(April 18, 2022 at 4:56 pm)The Grand Nudger Wrote: That may be how islam works, at least according to you - but it's not how logic works. You'll need at least one more premise before it's even valid. You probably don;t recognize it as much because it's a fundamental article of your faith. When you imagine gods, you can't imagine them outside this silent premise, and so don't realize that you've made it.
Can you identify what the silent premise is or at least could be, to give you something like a valid form?
Maybe you're referring to the premise that anything God says is true. Yeah, I thought this one is too obvious to be spelled out because, obviously, I mean by God here the God of classical theism, and I think omnibenevolence entails not leading people astray i.e. not relaying false accounts in scripture.
You could say that this premise is included in the word "God" that entails a personal agent who is truthful.
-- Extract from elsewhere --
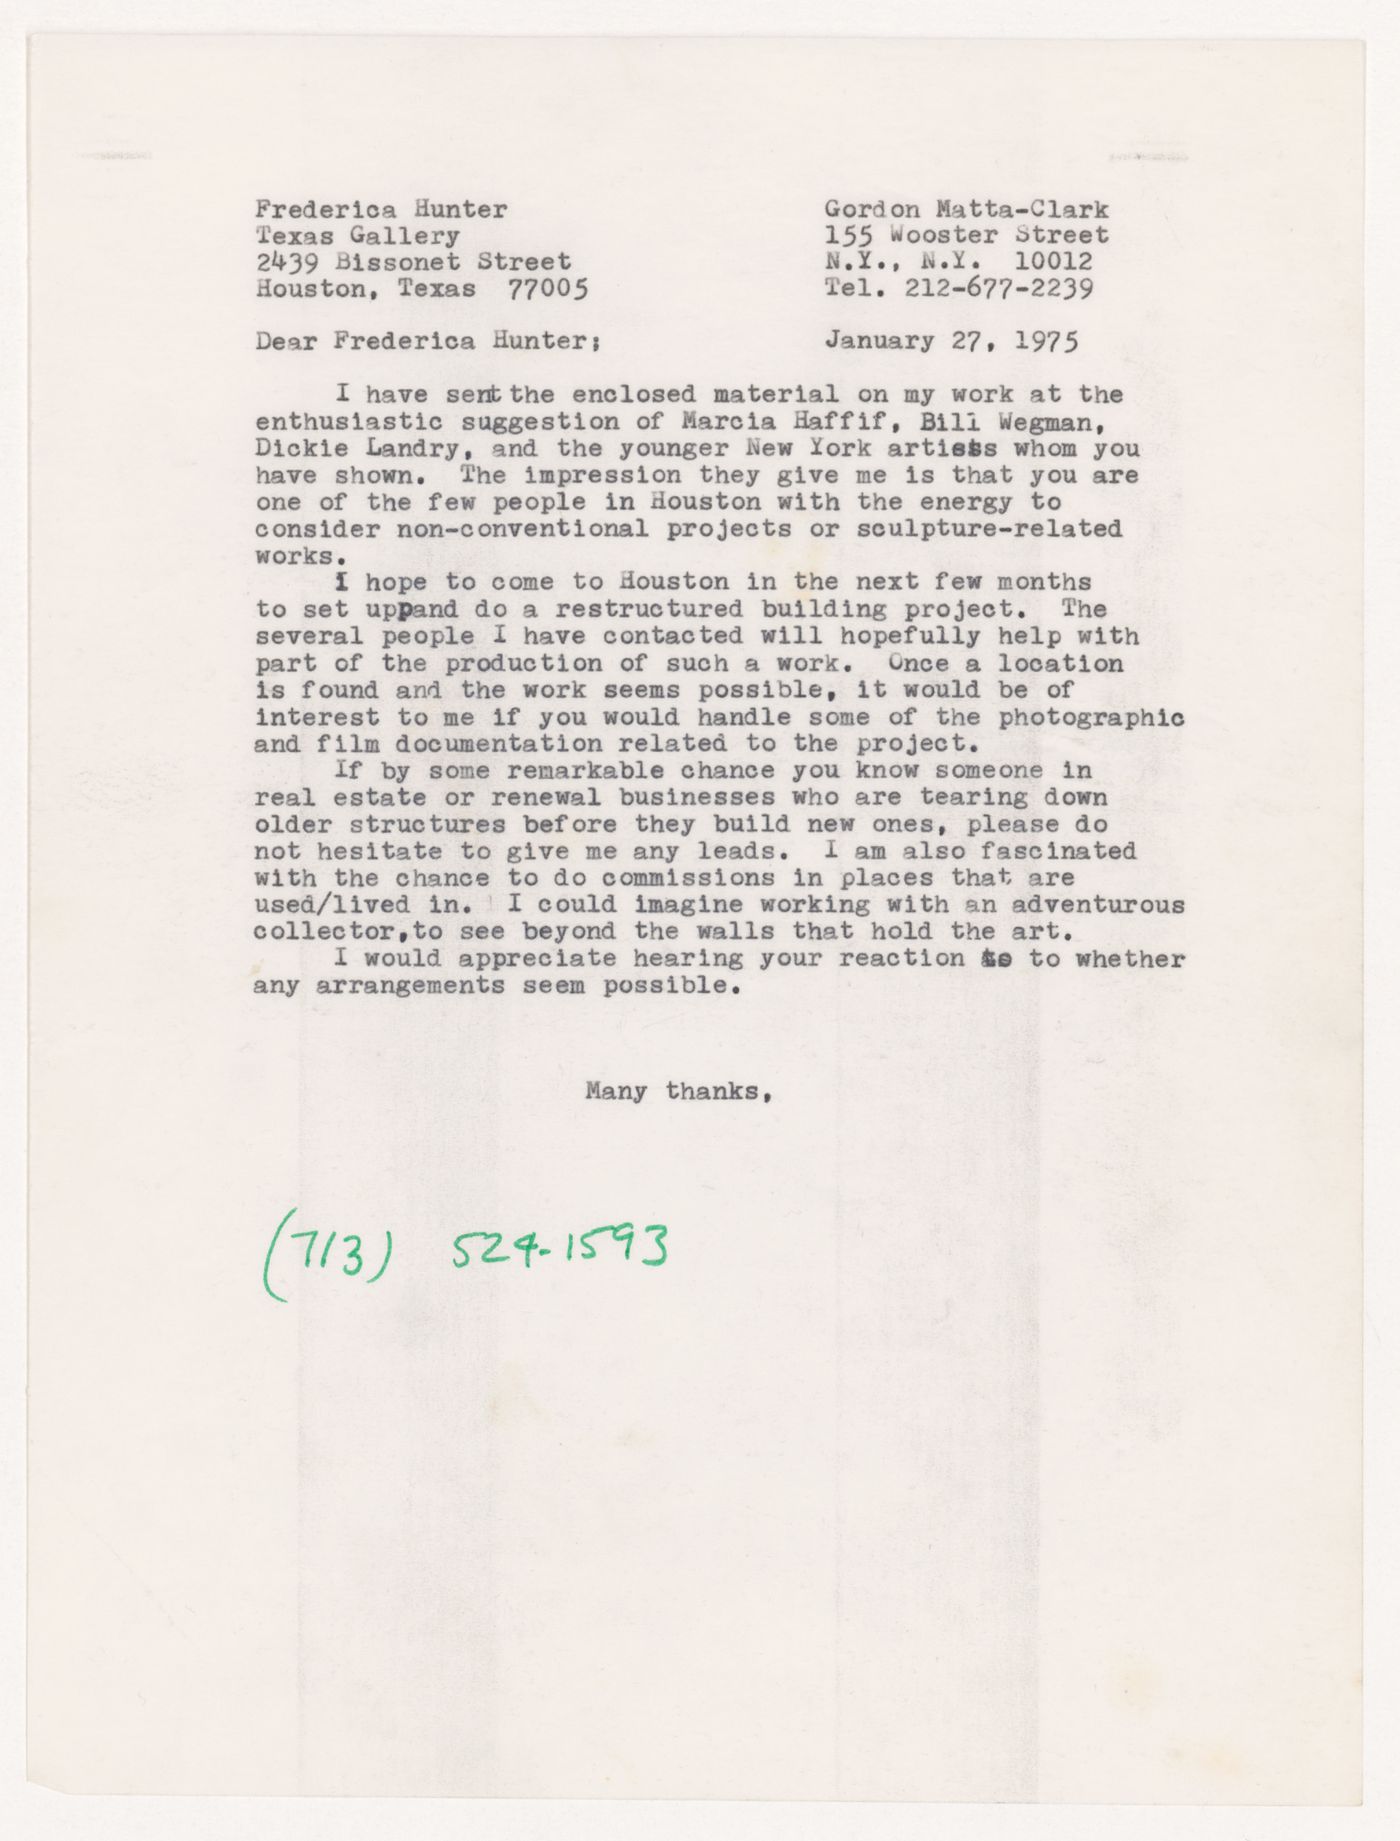 Letter from Gordon Matta-Clark to Frederica Hunter

In this sense, the argument is valid, and a Muslim is indeed justified in believing an event E happened based on the sole fact that the Qur'an recounts it, provided, of course, that they have adequate justification for the Qur'an being God's word.
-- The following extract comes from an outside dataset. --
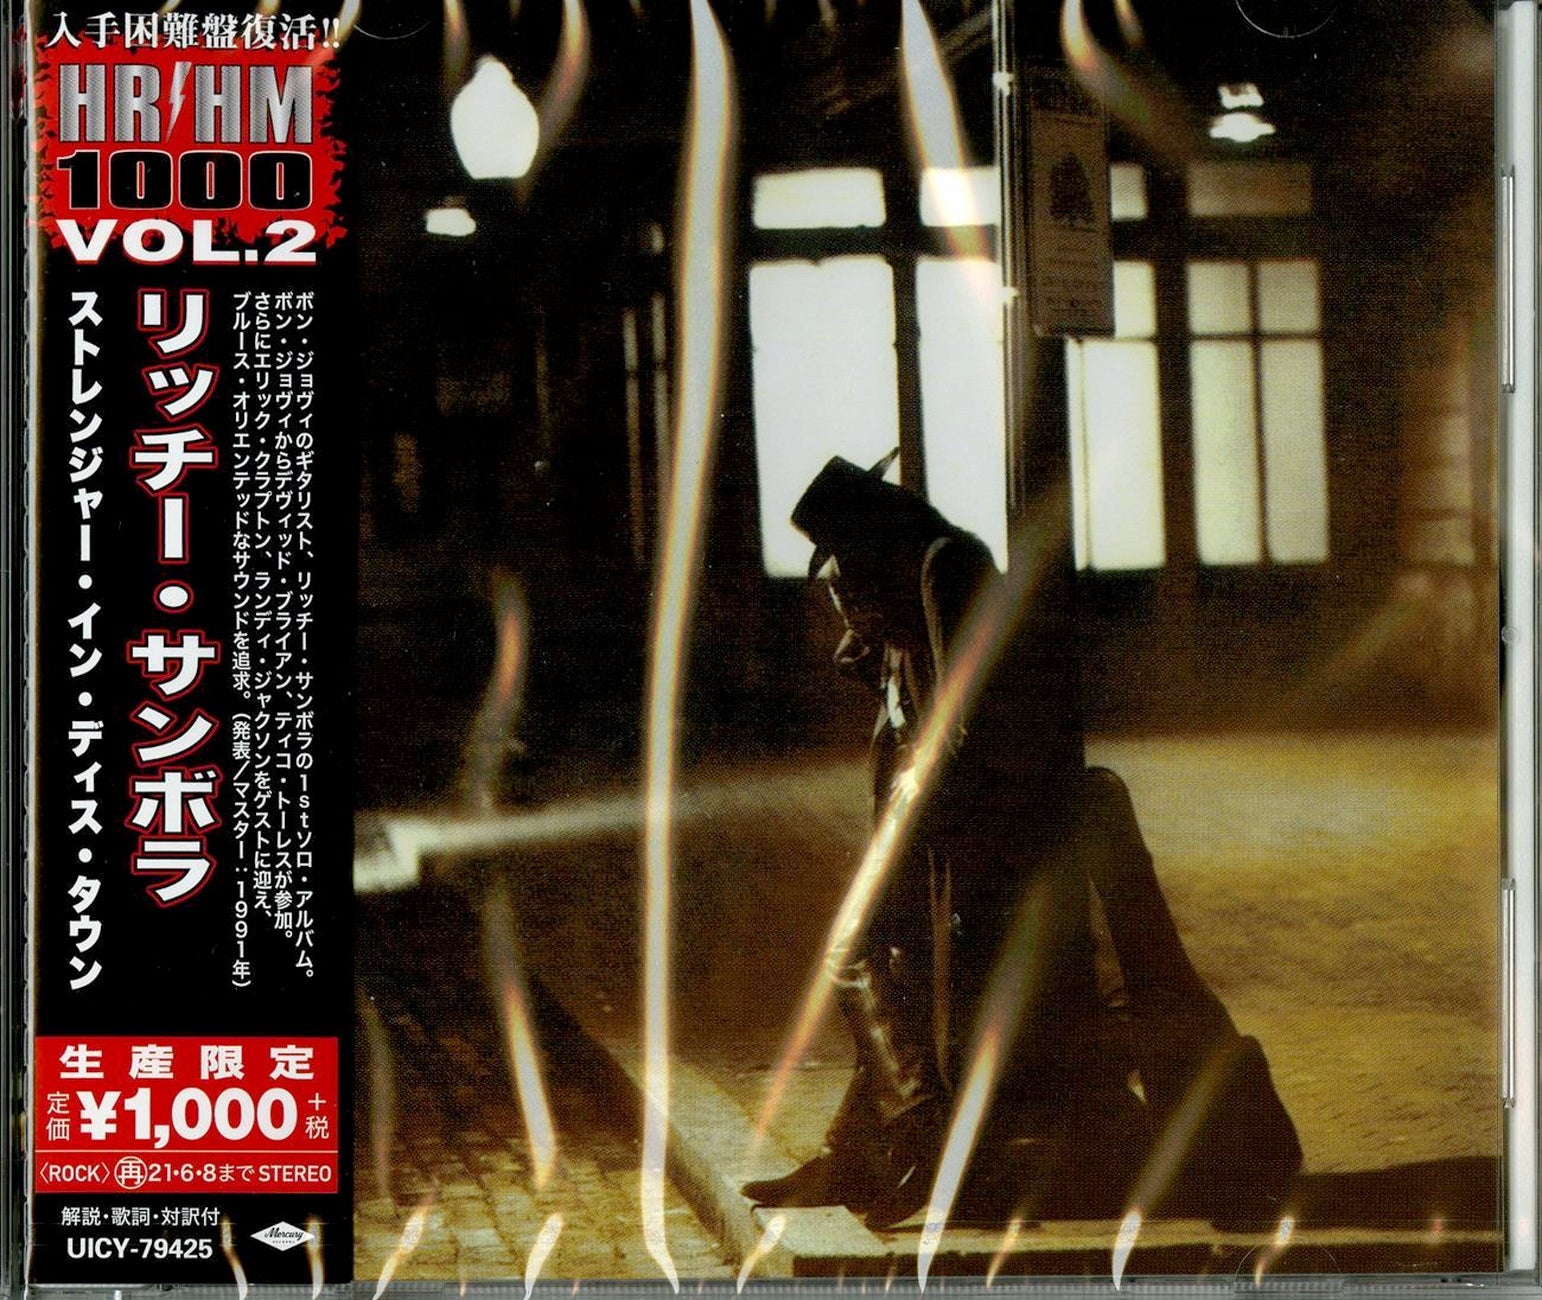 Sambora Stranger In This Town Japan Bonus Track Limited - CDs Vinyl Japan Store

(April 18, 2022 at 4:56 pm)The Grand Nudger Wrote: Though I will point out, that you've gone from "hadith science"...to hadith irrelevancy, at this point, haven't you? It's not even important whether or not the thing you're so embarrassed of you'd bullshit strangers about it really is worthy, can really cash that check. Me neither, telephone.
Well, this is because the specific event of the splitting of the Moon is in the Qur'an. There are however, as I already said, other reported miracles that aren't in the Qur'an. And in this case, the credibility of these events is solely contingent upon the chain of narrators.
(April 18, 2022 at 4:56 pm)The Grand Nudger Wrote: I think that a great many religious claims are true, despite all theistic claims being false.
Maybe we don't have the same definition of religious claims. But regardless I'm curious to know which ones you think are true and why. Regarding the Qur'an, I really think it's futile for someone who doesn't believe in God to try and speculate on its origins.